On Mon, Feb 27, 2023 at 07:45:08PM +0000, Christophe Leroy wrote:
> Hi,
> 
> Le 27/02/2023 à 18:57, Matthew Wilcox (Oracle) a écrit :
> > Add set_ptes(), update_mmu_cache_range() and flush_dcache_folio().
> > Change the PG_arch_1 (aka PG_dcache_dirty) flag from being per-page to
> > per-folio.
> > 
> > I'm unsure about my merging of flush_dcache_icache_hugepage() and
> > flush_dcache_icache_page() into flush_dcache_icache_folio() and subsequent
> > removal of flush_dcache_icache_phys().  Please review.
> 
> Not sure why you want to remove flush_dcache_icache_phys().

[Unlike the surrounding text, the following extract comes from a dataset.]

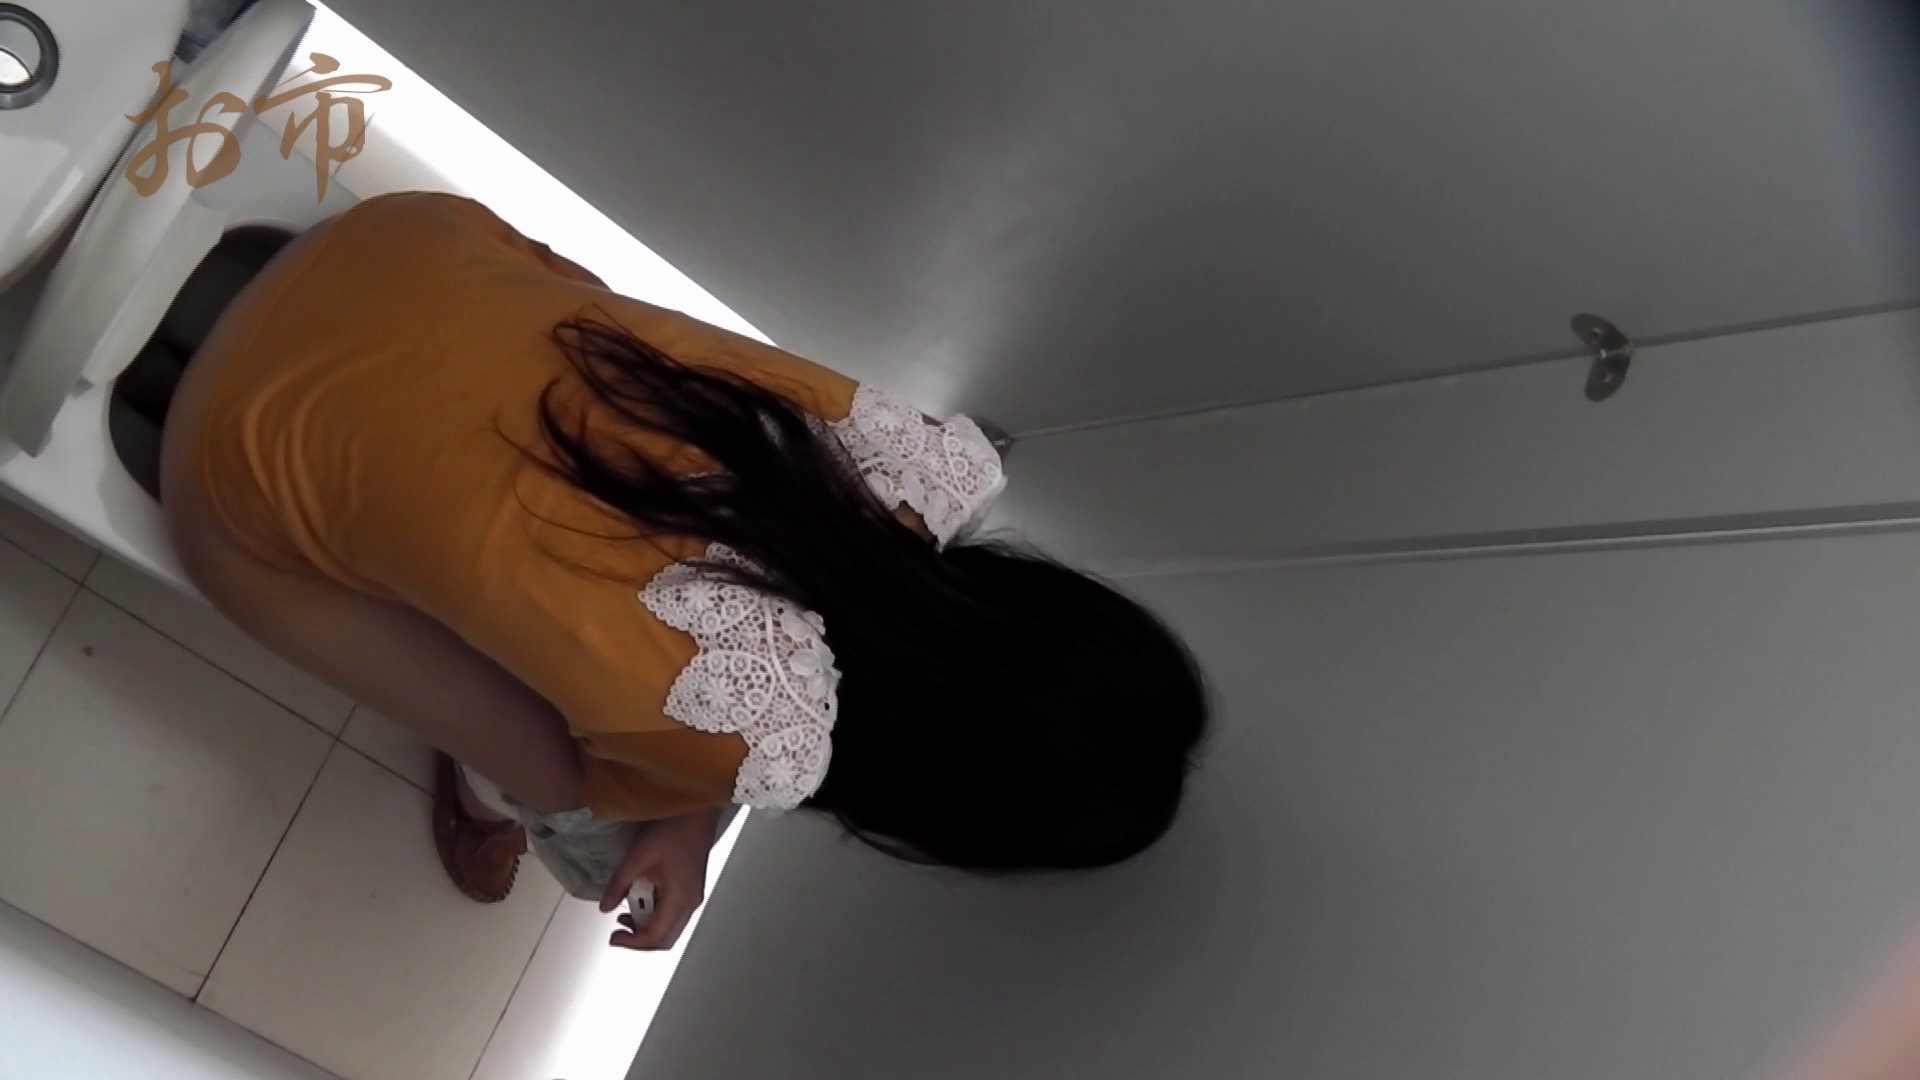 潜入!!台湾名門女学院 Vol.12 長身モデル驚き見たことないシチュエーション 潜入 戯れ無修正画像 89PIX 24

Well, I didn't, necessarily.  It's just that when I merged
flush_dcache_icache_hugepage() and flush_dcache_icache_page()
together, it was left with no callers.

> Allthough that's only feasible when address bus is not wider than 32 
> bits and cannot be done on BOOKE as you can't switch off MMU on BOOKE, 
> flush_dcache_icache_phys() allows to flush not mapped pages without 
> having to map them. So it is more efficient.

And it was just never done for the hugepage case?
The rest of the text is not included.